# Meet up?



## Dragster (Aug 3, 2004)

Piranha owners in the UK i think we should have a meet up,have a beer,talk about crap and stuff.


----------



## alan (Mar 11, 2004)

when/where ?


----------



## Dragster (Aug 3, 2004)

Need to see where everybody is 1st and then meet up somewhere in the middle


----------



## CraigStables (Oct 5, 2003)

im round manchester way and would be up for it. Lets figure out where us best and get something sorted!


----------



## Dragster (Aug 3, 2004)

Need more people can we post this where more will see it.


----------



## CraigStables (Oct 5, 2003)

Dragster said:


> Need more people can we post this where more will see it.


I'll make a post in GC about it and link to here!


----------



## DiXoN (Jan 31, 2003)

Sunderland in thw north east.


----------



## Tinkerbelle (Oct 14, 2004)

i'll be in leicester as of january 2006


----------



## CraigStables (Oct 5, 2003)

Tinkerbelle said:


> i'll be in leicester as of january 2006


you staying with family over there?


----------



## killarbee (Jan 23, 2004)

If you all manage to meet up don't forget to take pictures


----------



## alan (Mar 11, 2004)

im in west london


----------



## Dragster (Aug 3, 2004)

More people come on dont be so boring


----------



## StuartDanger (Aug 7, 2003)

banbury in oxford

why dont we meet up in london at the aquarium?


----------



## EddC (Apr 1, 2004)

I live near NickG in Bucks.

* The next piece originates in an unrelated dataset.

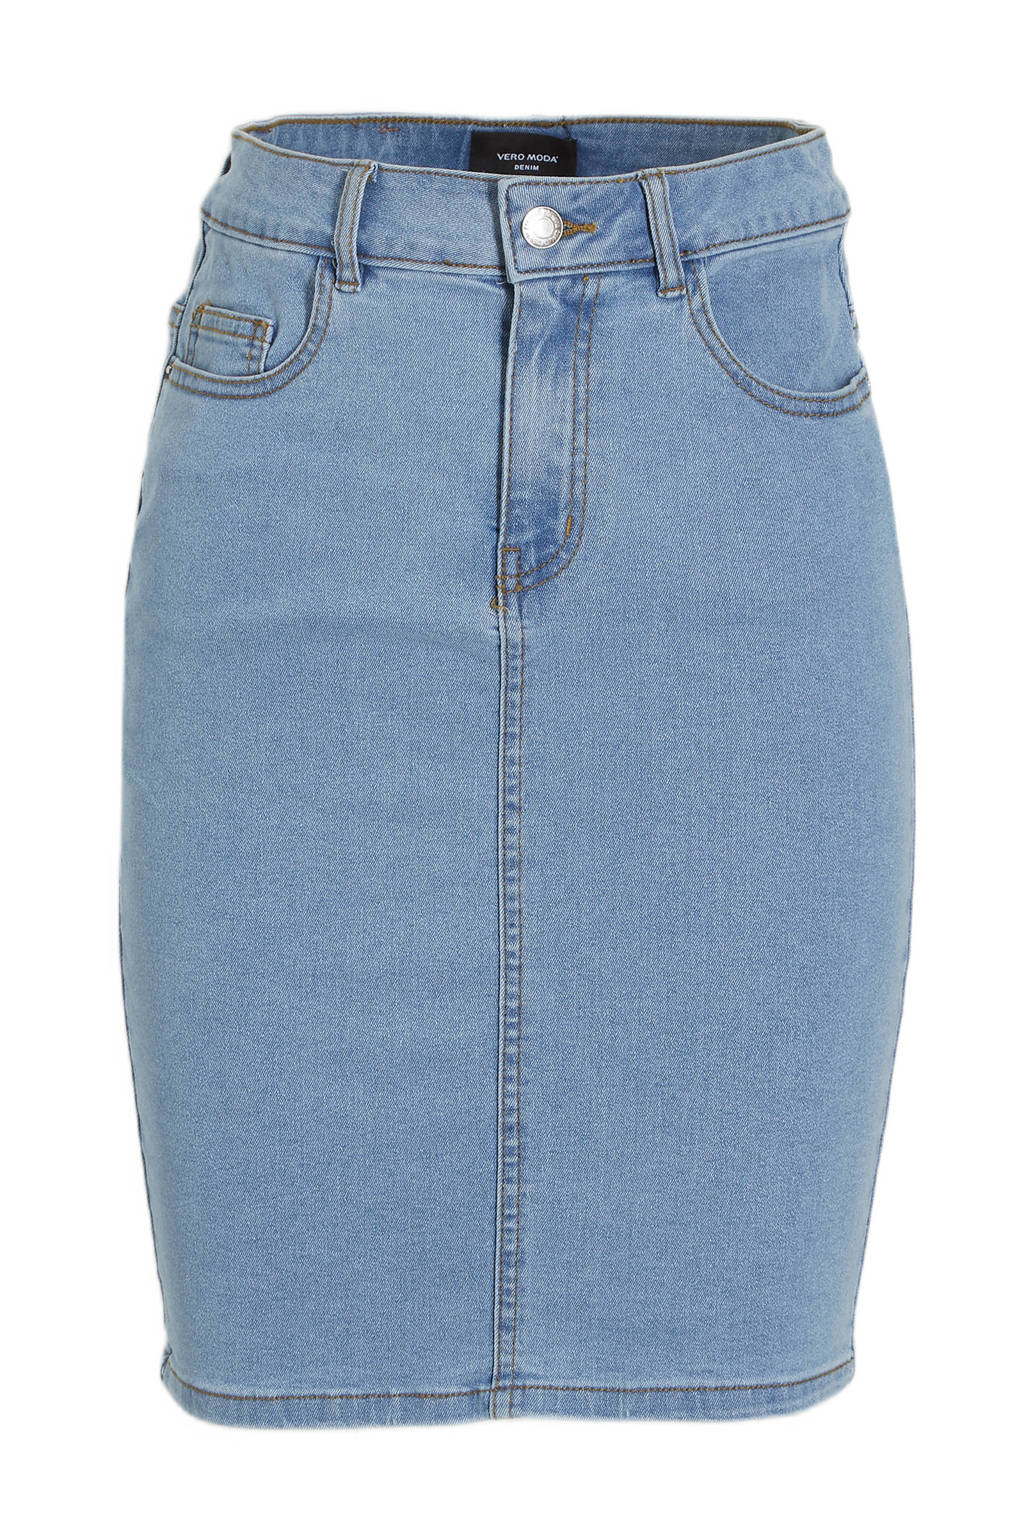 VERO MODA spijkerrok blauw, Blauw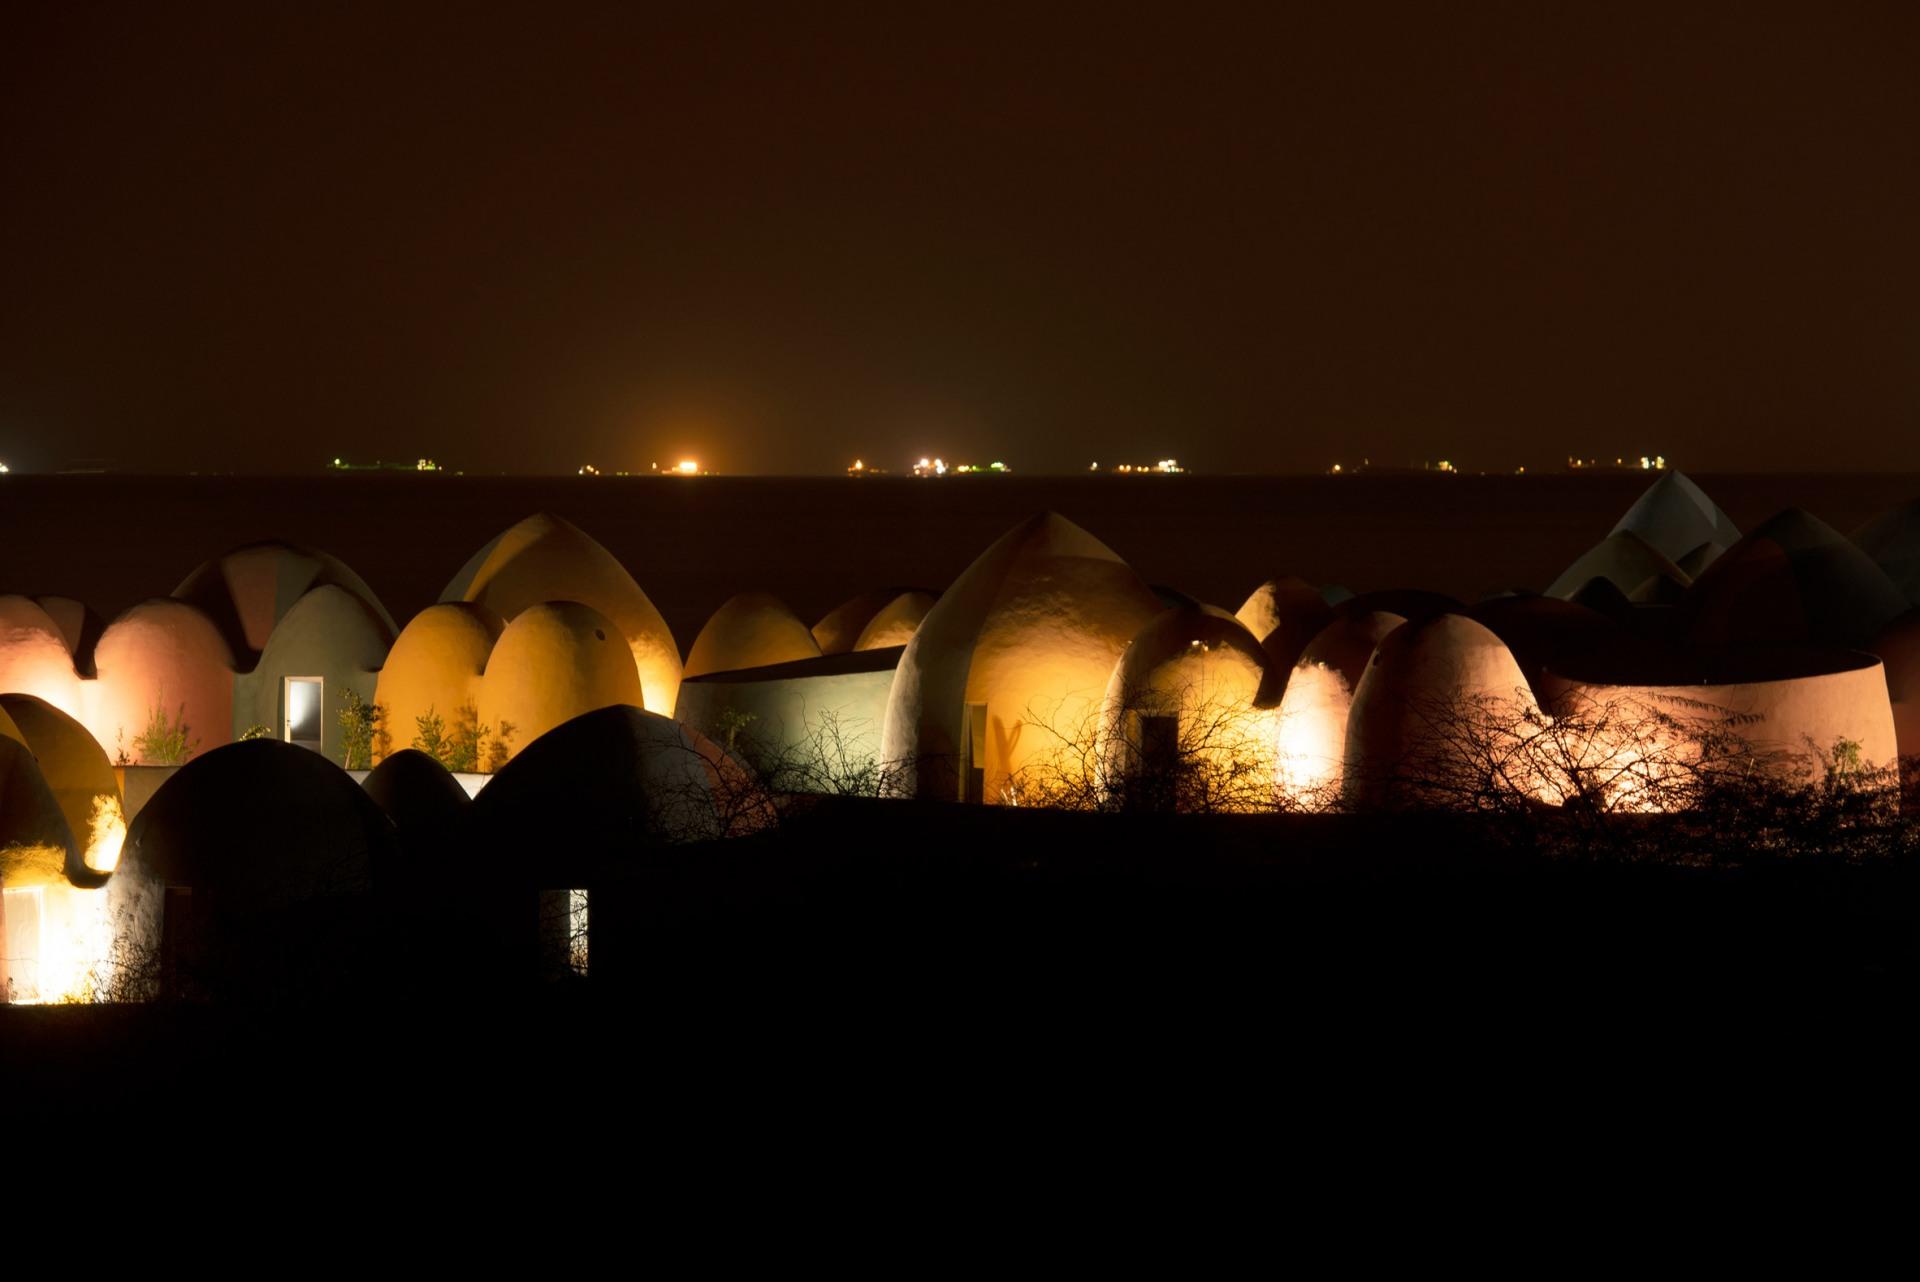 zav_architects_iran_hormuz_island_designalive-9

I am 14 tho so I can't drink beer so the Aquarium sounds like a great idea! When?

EddC


----------



## gasman (Jan 1, 2004)

i live in newmarket in suffolk(15 mins from cambridge)

gasman


----------



## inked82 (Oct 26, 2004)

im in nottingham bout 20 miles from leicester tink


----------



## clarence (Jun 8, 2004)

bedford here , it would be easy if u all met round mine .


----------



## CraigStables (Oct 5, 2003)

everyone go and put yourself on the UK P-Fury map (see pinned thread in here) will make it easier to figure where is best!


----------



## StuartDanger (Aug 7, 2003)

everyone is spread around!!!

most people are in the midlands. i still say london aquarium


----------



## Whall Banner (Nov 25, 2004)

alan said:


> im in west london


Your in West London and your a Hammers fan? Nice one Alan.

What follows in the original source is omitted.